Protocols are a category of constructs that, like standards, appear subject to evolutionary dynamics. Individual protocols mutate and evolve, and competing protocols within broader sectoral ecosystems contend with each other to colonize specific techno-ecological niches. On larger time scales, protocols co-evolve with technological capabilities, and newer protocols, designed to exploit newer capabilities, often (but not always) supplant aging ones. In the history of electrical communication networks, for example, which begins with the telegraph and the Morse code, the TCP/IP protocol eventually emerged as the one apex protocol that ruled the rest. But its continued dominance is by no means guaranteed.

The evolutionary history of protocols, however, is not the same thing as either the history of the underlying technologies, or the histories of societies and institutional landscapes built on top. Rather, they form a somewhat independent layer of the civilizational stack that mediates between material and social realities. Protocols appear to be sufficiently evolvable to allow good protocols to gradually dominate. The governing evolutionary processes are neither as wild and anarchic as those that appear to drive natural evolution and basic scientific advances, nor as tame and civilized as the ones which stable societies (somewhat wishfully) imagine govern their fates.
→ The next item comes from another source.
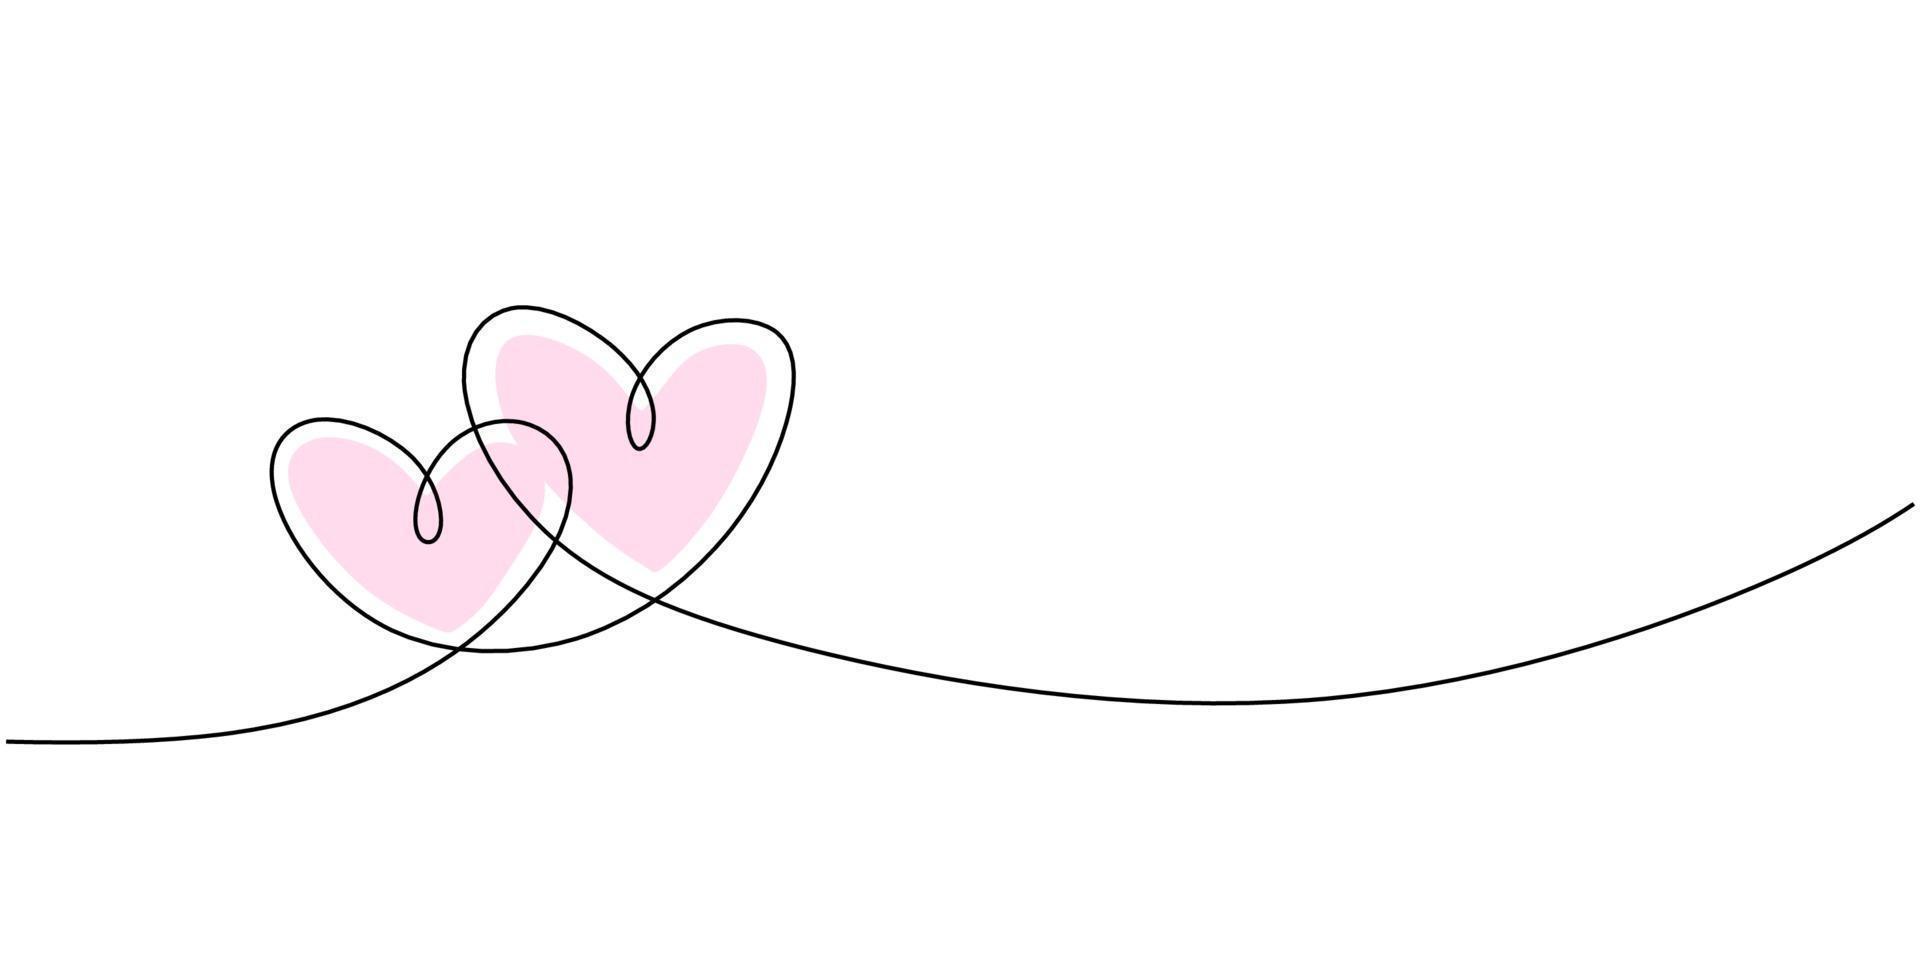 desenho de linha contínua de sinal de amor com dois corações rosa abraça o design minimalista em fundo branco vetor

Unlike evolution in underlying material realities, which tends to be strongly creative-destructive, and driven by randomness, protocols tend to admit a significant degree of deliberate exploratory design, and potential for mitigating the violence of ungoverned creative destruction. The possibilities induced by a set of composable elements and codified behavioral regimes can be systematically explored, and better possibilities deliberately chosen through social-choice processes. While the absolute merits of the resulting outcomes can be debated,[11] the key point is that social choice processes, rather than blind and potentially violent and painful evolutionary dynamics, shape outcomes.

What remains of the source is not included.